The growing incidence of life-threatening infections caused by multiantibiotic-resistant gram-positive (Gr+) pathogens (such as Staphylococcus aureus and Enterococcus species) is a major problem in modern health care facilities (22). Methicillin-resistant S. aureus (MRSA) has become prominent as a cause of hospital-acquired (nosocomial) infections. Vancomycin remains the main antibacterial drug available for treatment of MRSA infections (19). Nevertheless, it is becoming apparent that high-level resistance to vancomycin is beginning to develop even among the staphylococci (1, 7). The presence of vancomycin-intermediate S. aureus (1) and now even vancomycin-resistant S. aureus has been reported (7). In the last decade, a rise in rates of resistance among enterococci (such as vancomycin-resistant enterococci [VRE]) has been observed as well (13, 18), with VRE accounting for at least 16% of all nosocomial enterococcal infections (15).
New antibacterial targets and agents are needed to combat this growing antibiotic resistance problem. A promising and unexploited target is replication-specific DNA polymerase IIIC (Pol IIIC), an enzyme product of the polC gene (8, 17). Pol IIIC is found only in Gr+ bacteria with low G+C contents, including Staphylococcus, Enterococcus, Streptococcus, Bacillus, and Listeria species (3, 12). This enzyme is not found in Gr+ bacteria with high G+C contents such as Mycobacterium and Corynebacterium species or in any of the gram-negative (Gr−) organisms (12). We have targeted Pol IIIC for three reasons. First, it is essential for bacterial DNA replication; when its action is blocked, chromosomal DNA fails to replicate and the bacterium dies. Accordingly, Pol IIIC inhibitors are bactericidal (20, 24). Second, the structure of Pol IIIC is highly conserved among Gr+ bacteria (12), suggesting that an effective Pol III inhibitor would display activity against a broad array of clinically relevant Gr+ pathogens. Third, the active site of Pol IIIC is unique in that it has been shown to bind specifically to the small-molecule inhibitors of the 6-anilinouracil (AU) family of inhibitors (6). The AUs act through their capacity to mimic the guanine moiety of dGTP by forming base pairs with an unpaired cytosine on the DNA template (Fig. 1A). The aryl domain of AUs is available to bind to Pol IIIC; the domain then sequesters the enzyme into a nonproductive complex with template primer DNA (5) (Fig. 1B).
FIG. 1.
Mechanisms of action of AU compounds. (A) Structure of HBEMAU with base pairing and aryl domains indicated. (B) Schematic of the inactive complex formed by the AU compounds with the polymerase and DNA template-primer.
AU compounds with N3 substitutions such as N3-hydroxybutyl 6-(3′-ethyl-4′-methylanilino) uracil (HBEMAU; Fig. 1A), are being pursued as new antimicrobial agents because of their desirable properties (21).

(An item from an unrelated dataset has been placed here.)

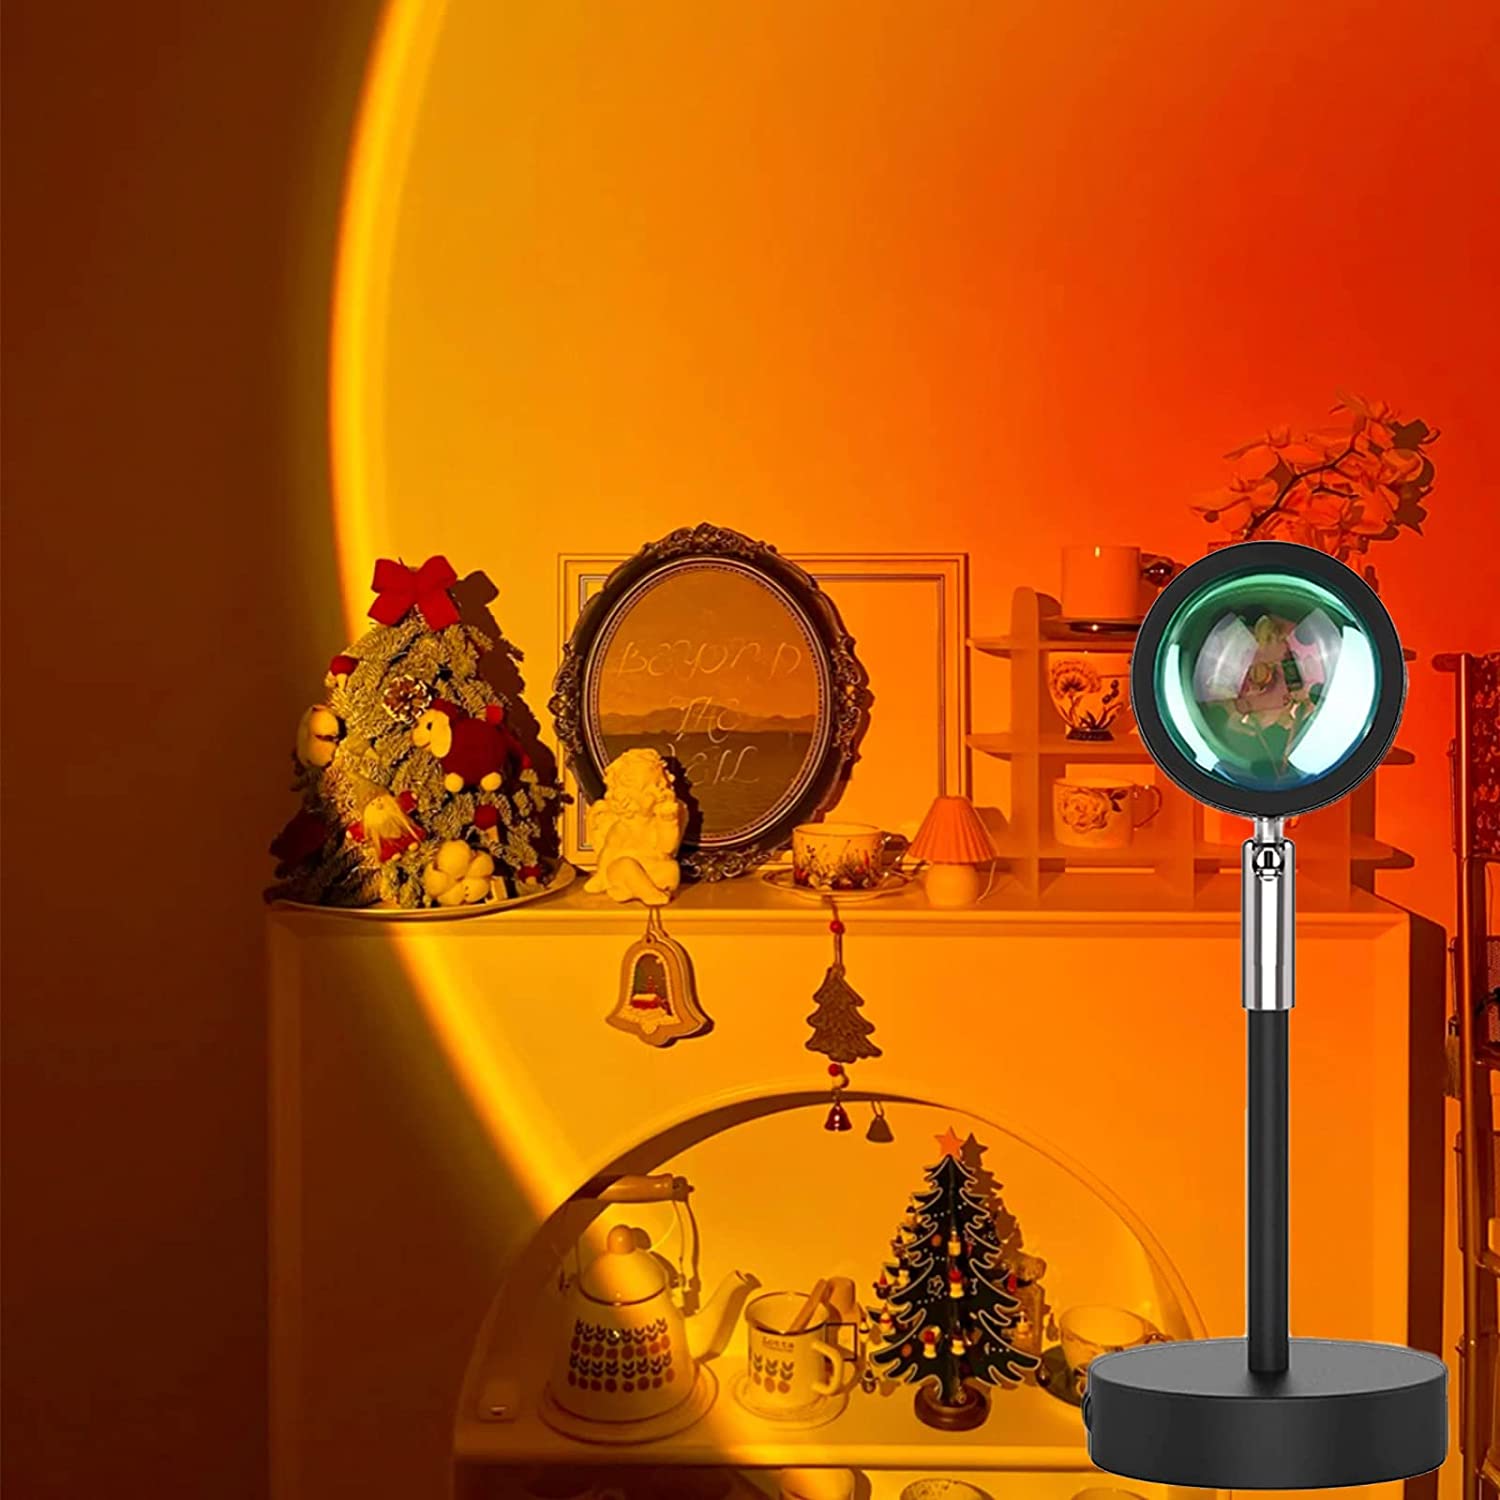 ''Sunset Projection LAMP,180 Degree Rotation Rainbow Projection LAMP USB Charging Lighting, Romantic

First, they are highly specific inhibitors of Pol IIIC but inhibit DNA polymerase IIIE from Gr+ organisms only at a low level and do not inhibit Pol IIIE from Gr− organisms or polymerase alpha from mammalian sources (20). Second, they are potent antibacterial agents against all Gr+ organisms tested, including a number of antibiotic-resistant clinical isolates such as MRSA strains and VRE (9, 20). Third, they are bactericidal at concentrations one to four times their MICs (9). Finally, they exhibit selectivity for growth of Gr+ pathogens versus mammalian cells, with 50% inhibitory concentrations for a variety of mammalian lines being from 8- to 64-fold greater than the MICs for the pathogens (Microbiotix, Inc., unpublished observations).

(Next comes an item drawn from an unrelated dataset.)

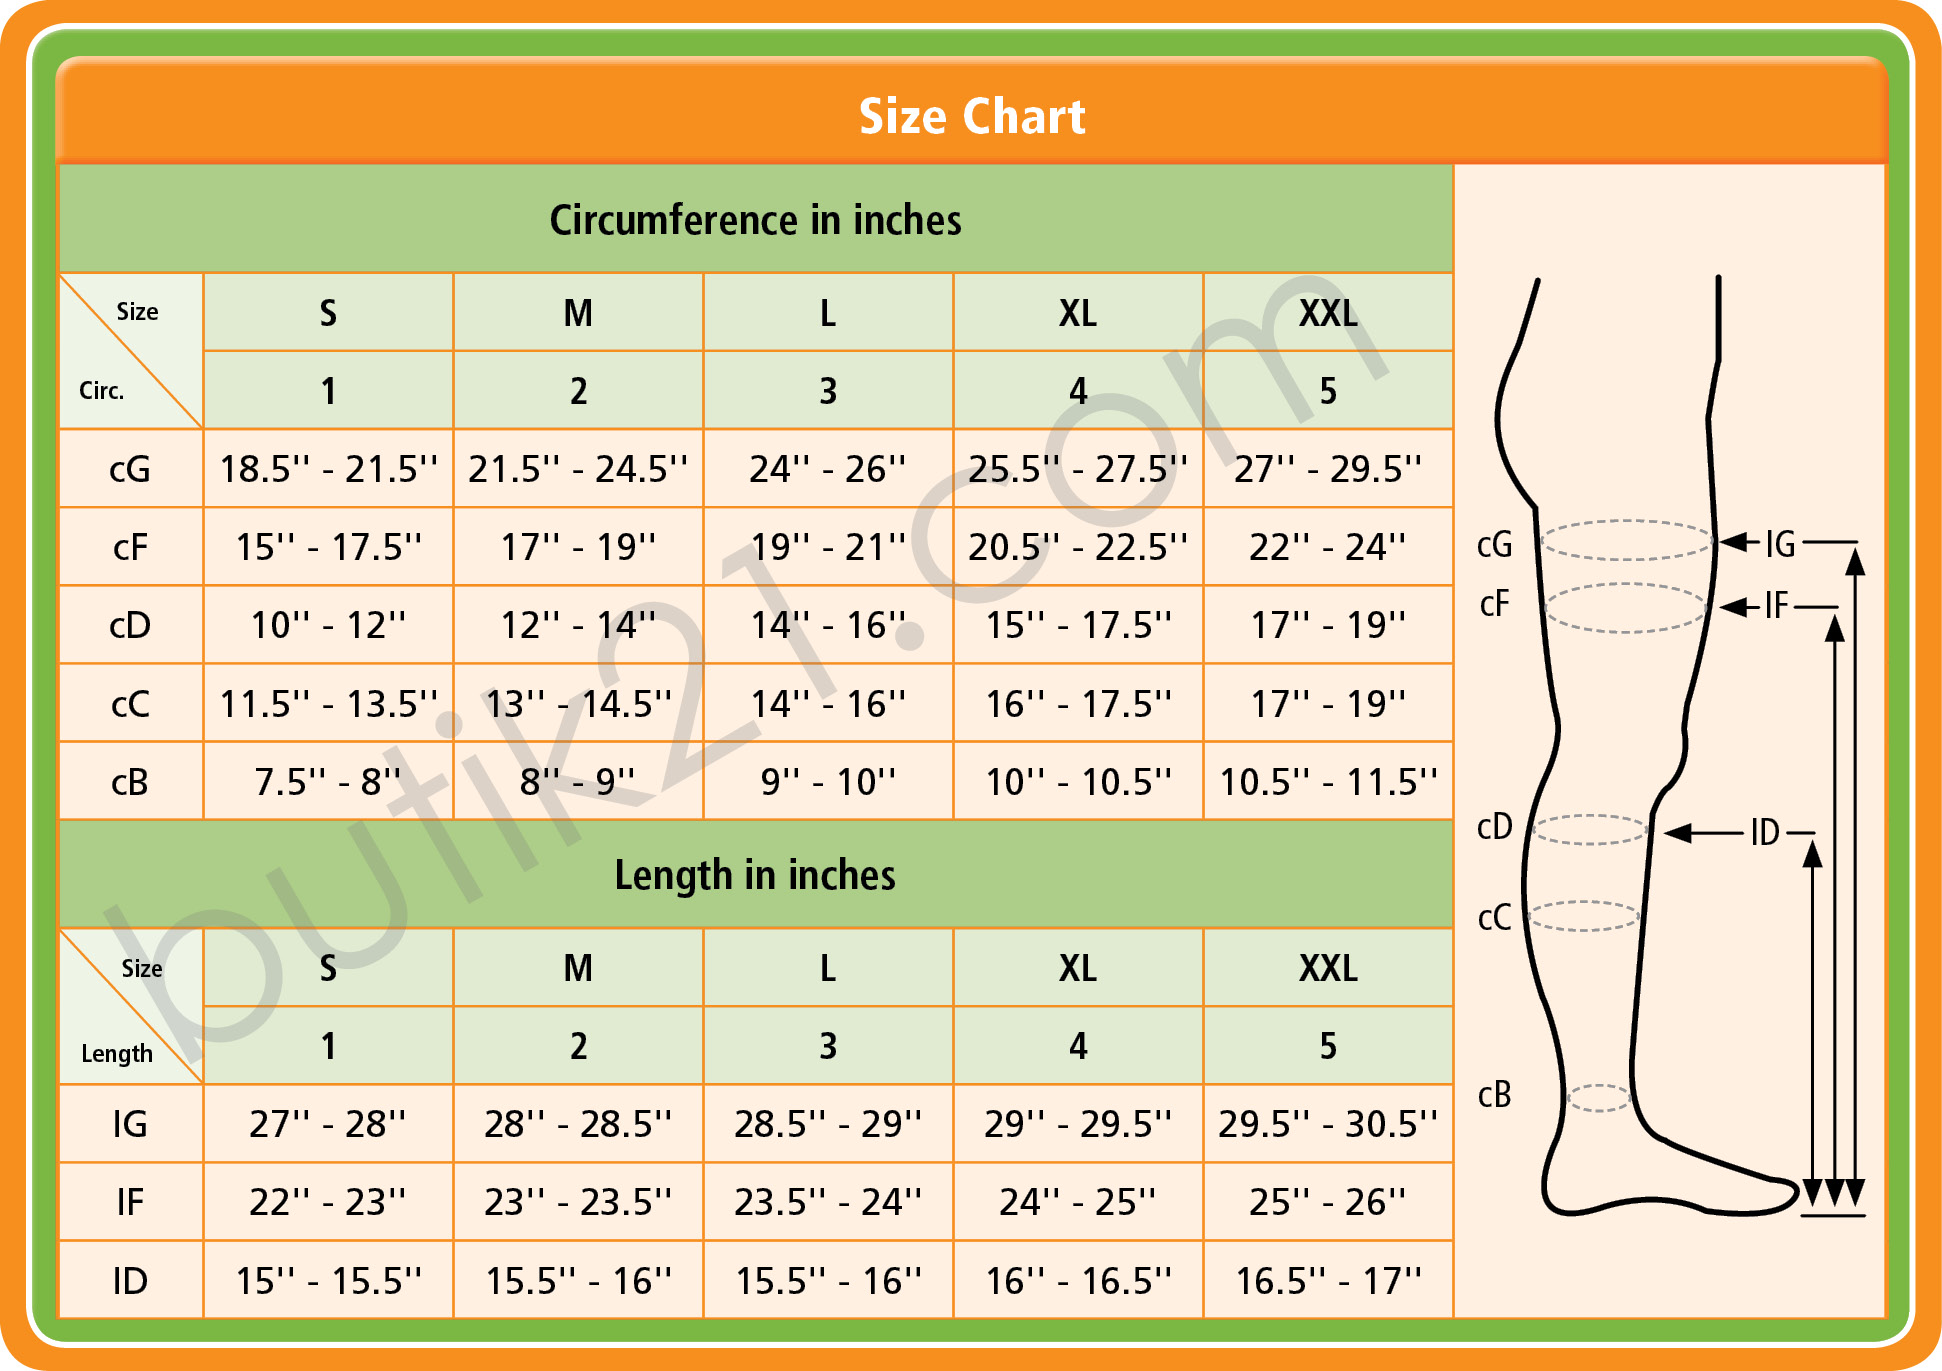 Fotgrossisten - Size chart Leggings with Compression (Compression

As more potent inhibitors of the N3-substituted AU family are discovered, it becomes imperative to judge compounds according to the level of resistance development in S. aureus and Enterococcus species. Knowledge of how antibiotic resistance develops is essential to designing variants of a pharmacophore which have minimal liability for generating resistance. We report here on the frequencies of single-step mutations for resistance to HBEMAU compared to the frequencies of resistance to commercial antibiotics for a panel of Gr+ organisms. In addition, resistant Pol IIIC enzymes were sequenced and purified for an analysis of single-site amino acid changes.

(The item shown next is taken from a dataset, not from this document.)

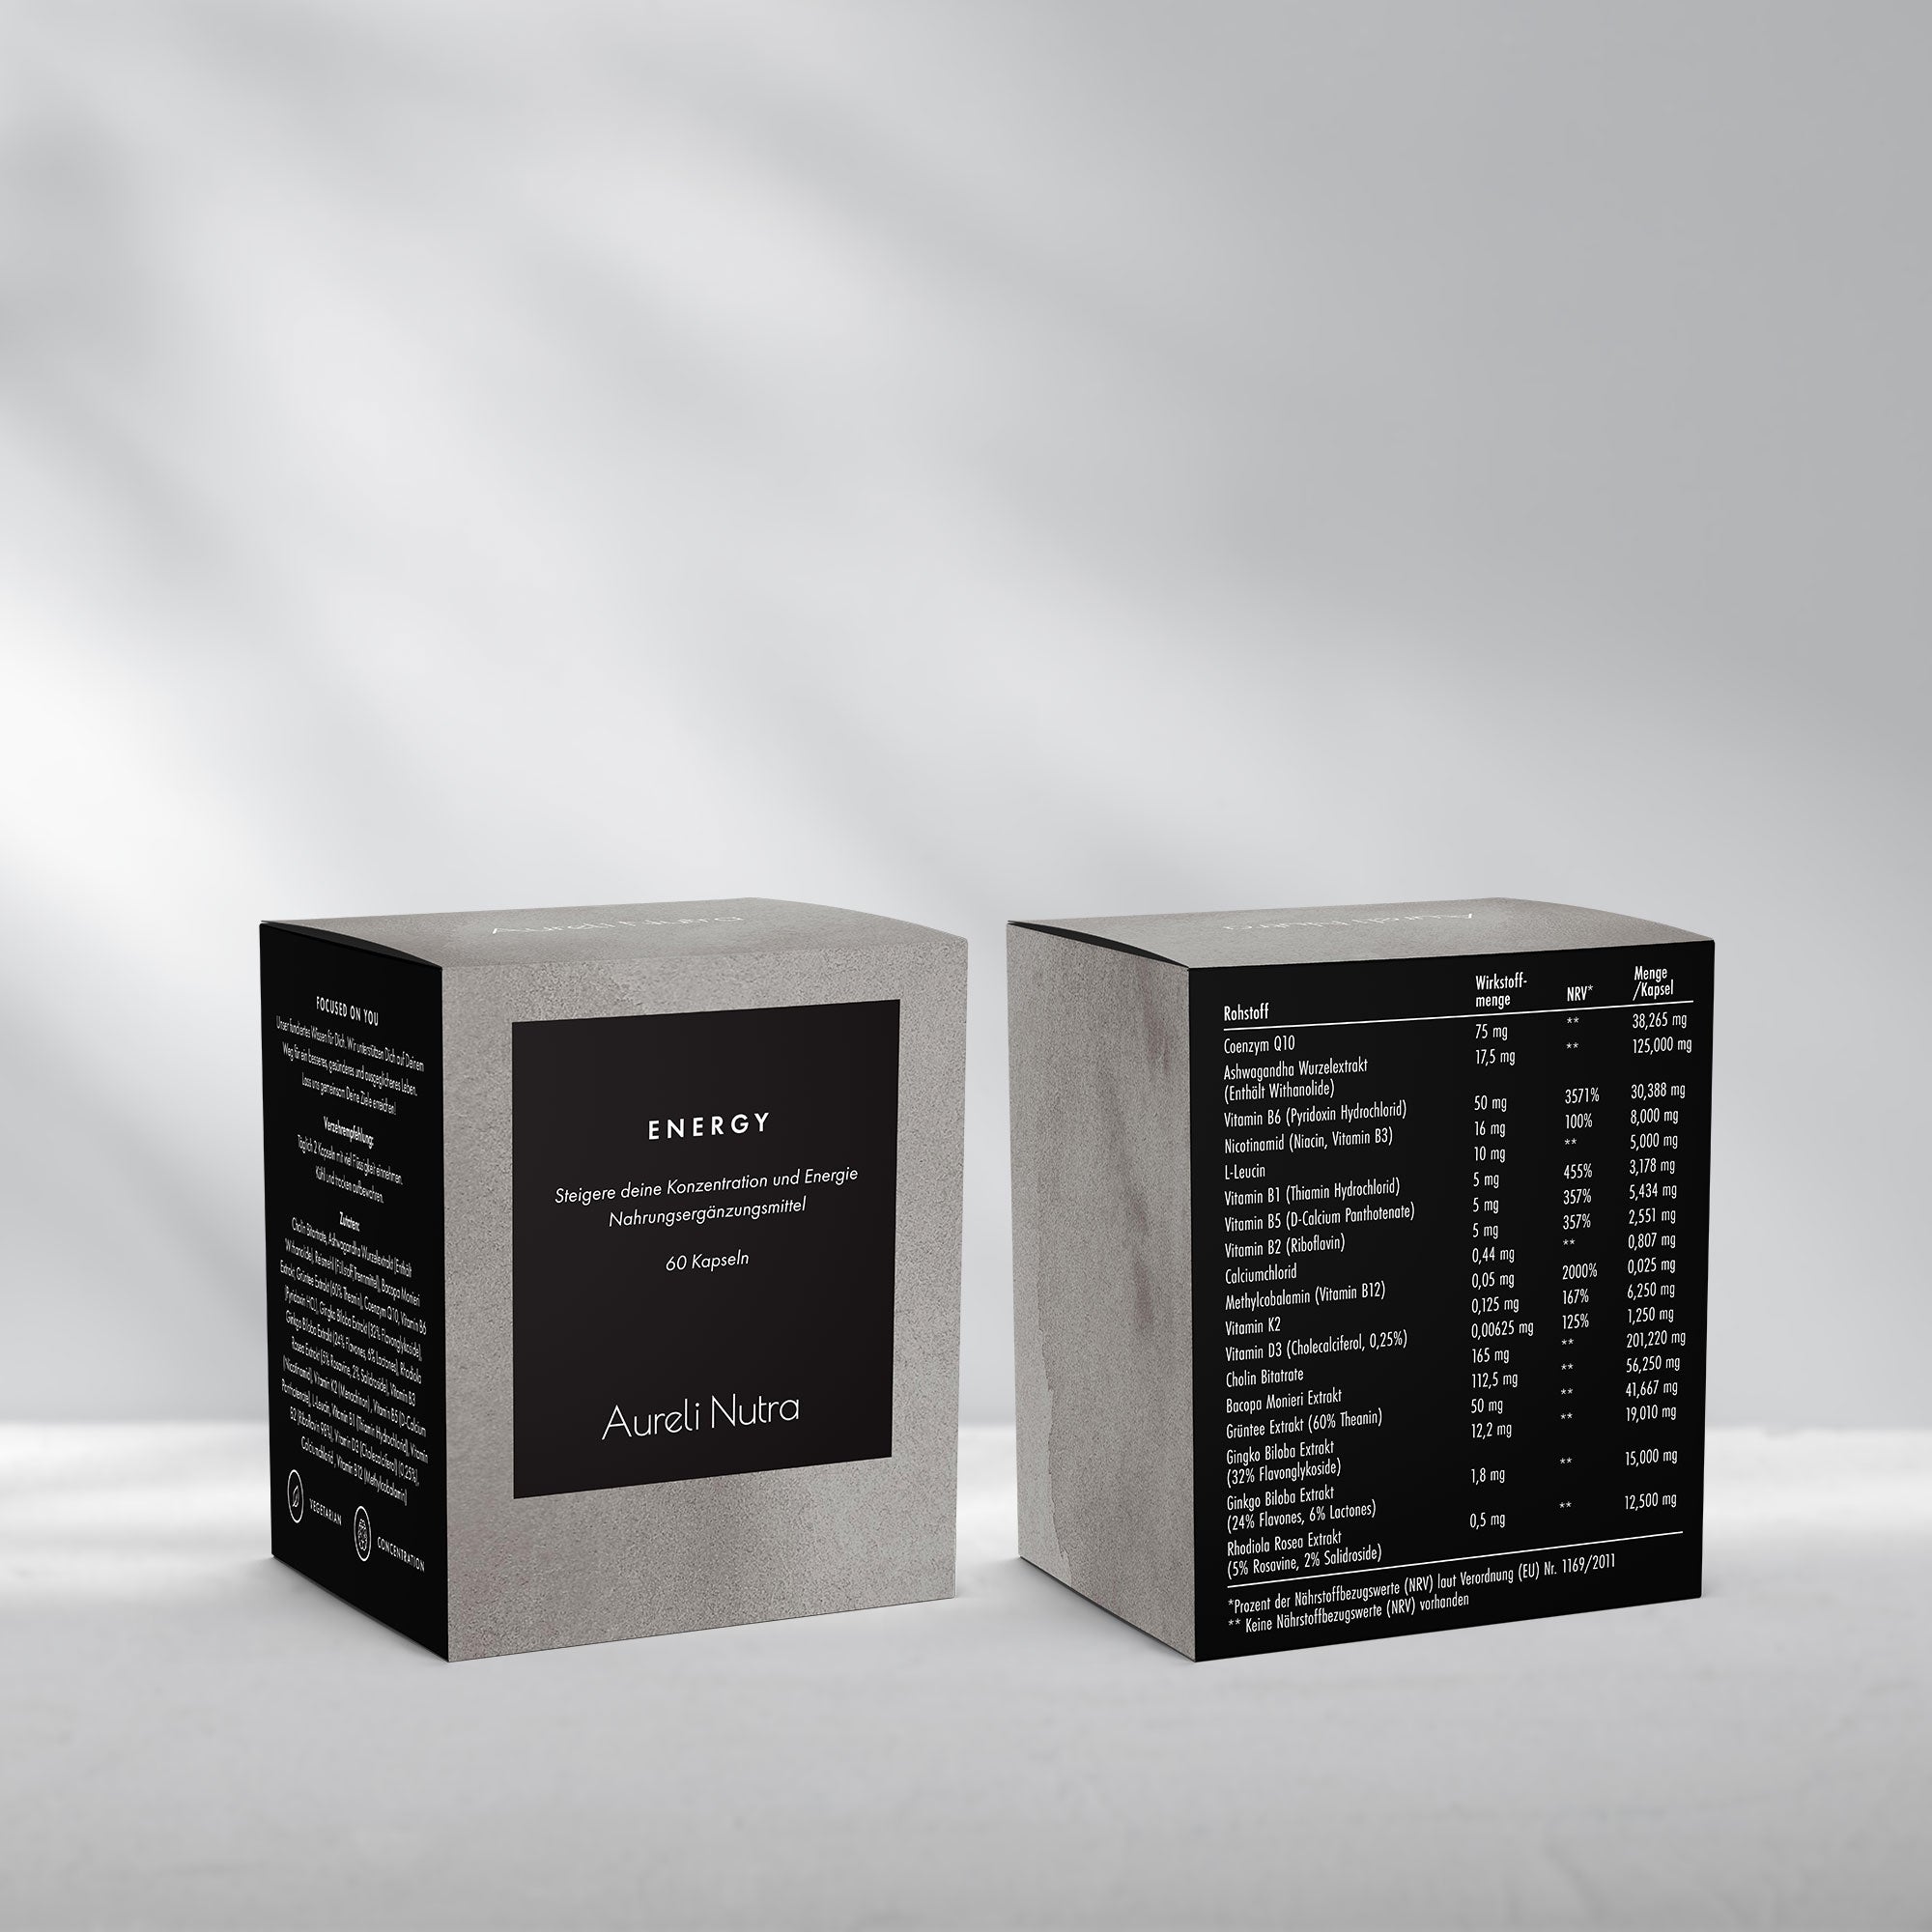 karolina krol studio aureli nutra natural health energy supplements minimalist illustrated packaging design

(The results presented here were also presented in part at the 41st Interscience Conference on Antimicrobial Agents and Chemotherapy, Chicago, Ill., 2001 [M. M. Butler, D. J. Skow, R. Stephenson, P. J. Lyden, W. A. LaMarr, and K. Foster, 41st Intersci. Conf. Antimicrob. Agents Chemother., abstr. 139, 2001].)
MATERIALS AND METHODS
Bacteria, media, and antimicrobial drugs.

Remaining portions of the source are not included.